The bartender let slip a dirty grin to reinforce Drake’s point, and Keelin took the hint, though not without comment. “Fucking robbery, this.”
The bartender snatched the coin from Keelin’s fingers and snorted. “And I suppose the folk on the ships you catch willingly hand over their goods.”
Drake chuckled. “Folk’ll willingly do just about anything at the point of a sword.”
“Doesn’t taste like it came from anyone’s tits I’ve ever known, golden or otherwise,” said the woman, having already drained half her mug.
Drake turned his attention to her and grinned. She kept her gaze firmly on the mug, taking another swig.
“Word has it you burned Black Sands,” Keelin said, deciding to try to put Drake on the back foot.
“Whose word?” The captain snapped his attention back to Keelin with a look like fire and thunder mixed into one.
Keelin shrugged.
“Don’t be coy with me, Stillwater. There are some slurs to my reputation I will not abide, and credit for that massacre is very much one of them.”
Keelin hadn’t believed for a moment that Drake was behind the burning of Black Sands, and his current state of agitation only proved it. “Don’t know whose word. Heard it said in Fango though.”
“Tanner.” Drake looked like he was about to spit on the floor, but one glance towards the bartender and he seemed to decide otherwise. “There’s gonna come a time that old bastard is gonna need dealing with.
“I was there, that much is true. Sailed in just in time to see a few folk all afire trying to save themselves in the sea. Not quite in time to help them though. Sent a few boys ashore to look for survivors, but they didn’t find none. They did catch a glimpse of the fuckers that did it. Man of War flying the pretty colours of Sarth.”
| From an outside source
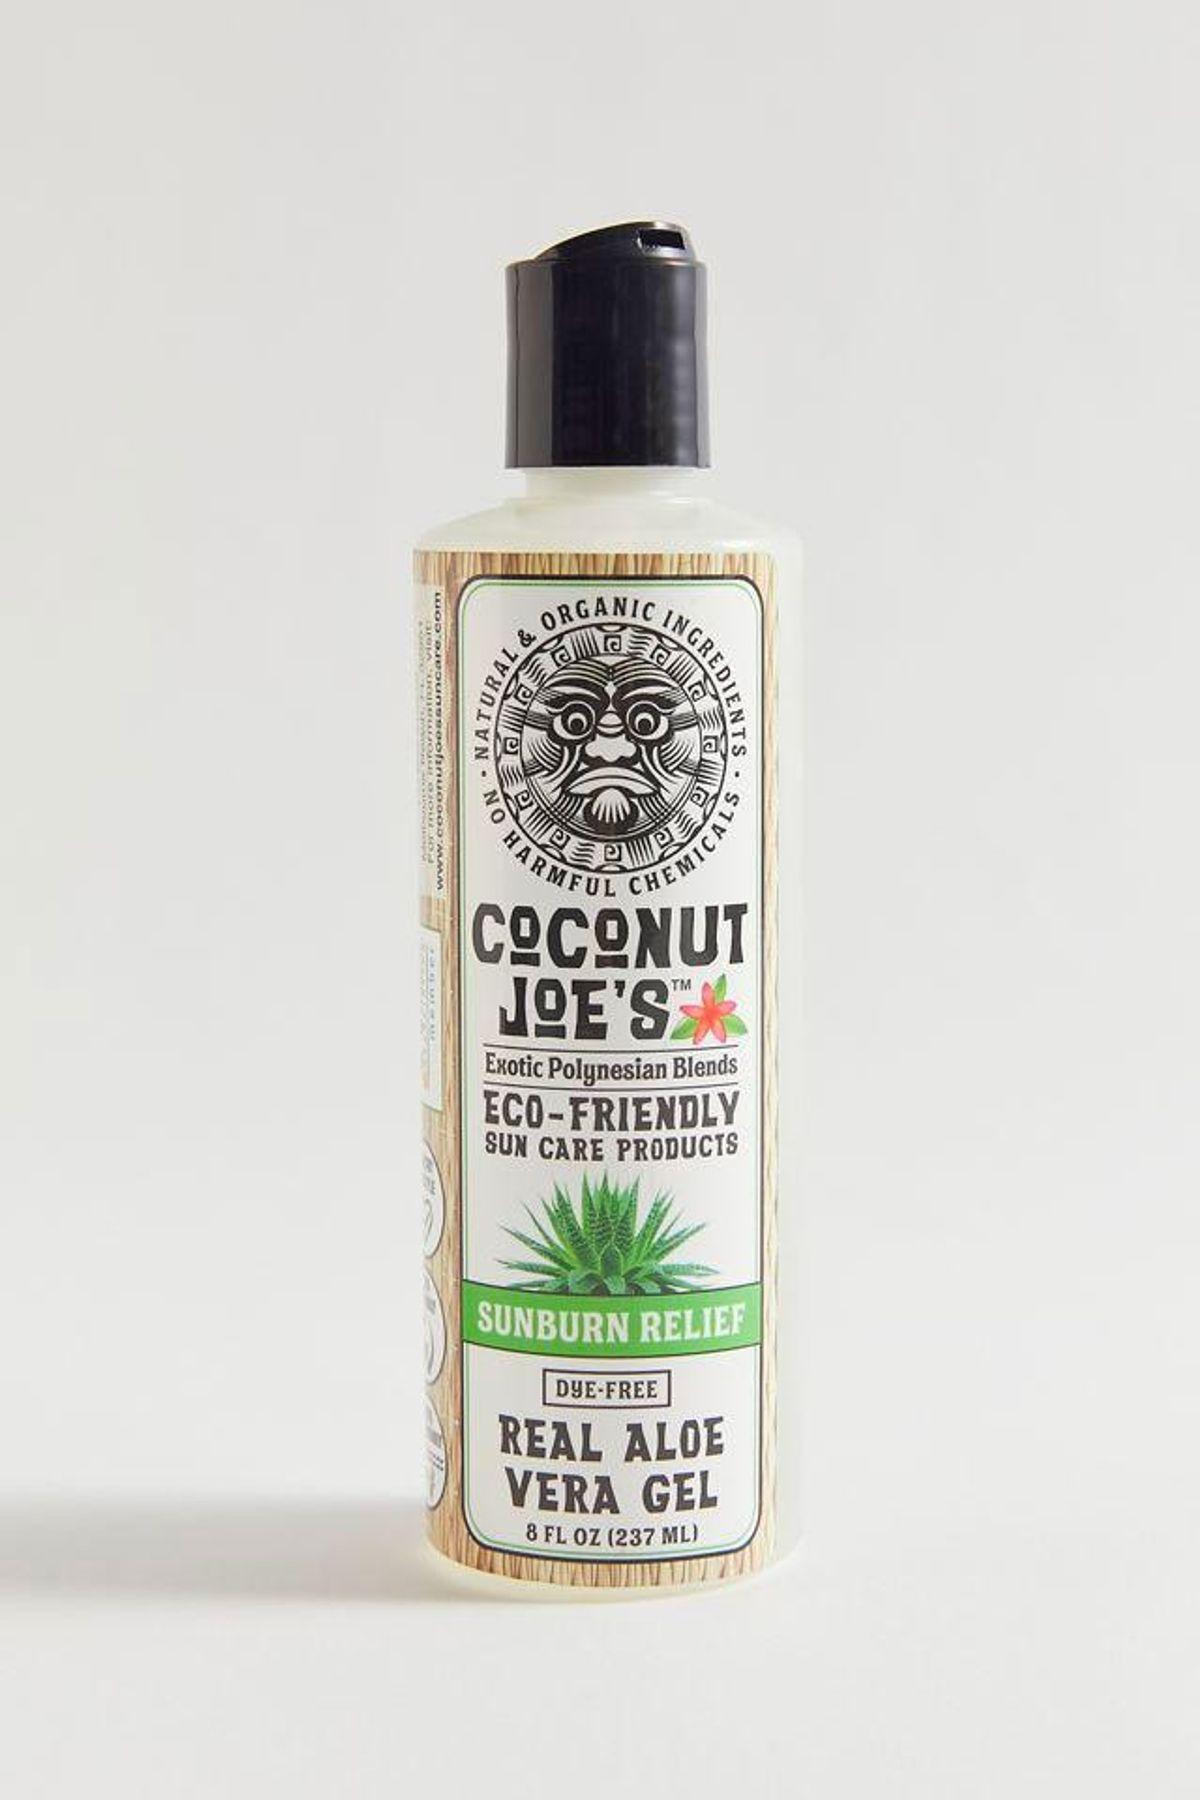 coconut joes sunburn relief real aloe vera gel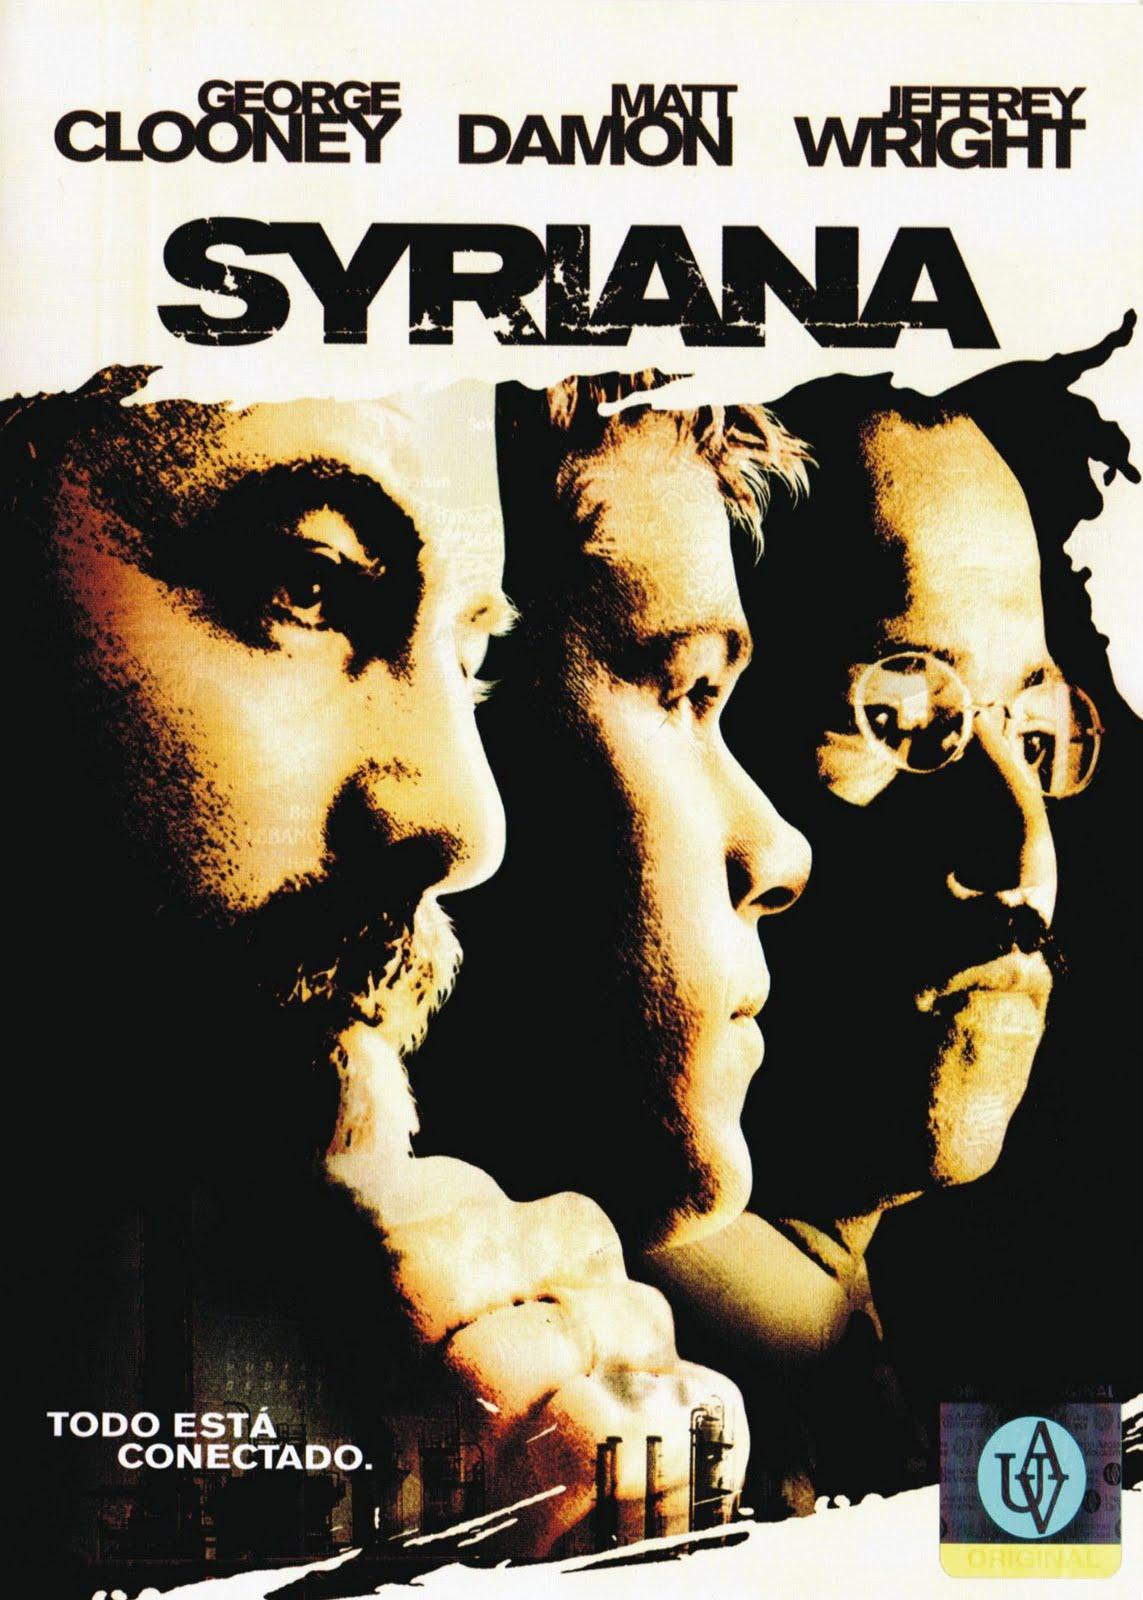 http://1.bp.blogspot.com/-KXqHm47xkZU/Te4WzL3s5YI/AAAAAAAAClE/UEh0U78RUo8/s1600/Syriana.jpg

Keelin glanced at the woman, wondering if there was a connection. “Very convincing,” he said. “I’m convinced.”
“I’m glad you feel that way, mate. Reckon I’ll be calling in that debt now.”
“Huh?”
“My crew saved you from… eating a table, was it? Reckon that constitutes saving your miserable life, no?”
“It may not have been fatal.” Keelin had the sudden feeling that he was a very small fish in a very large net.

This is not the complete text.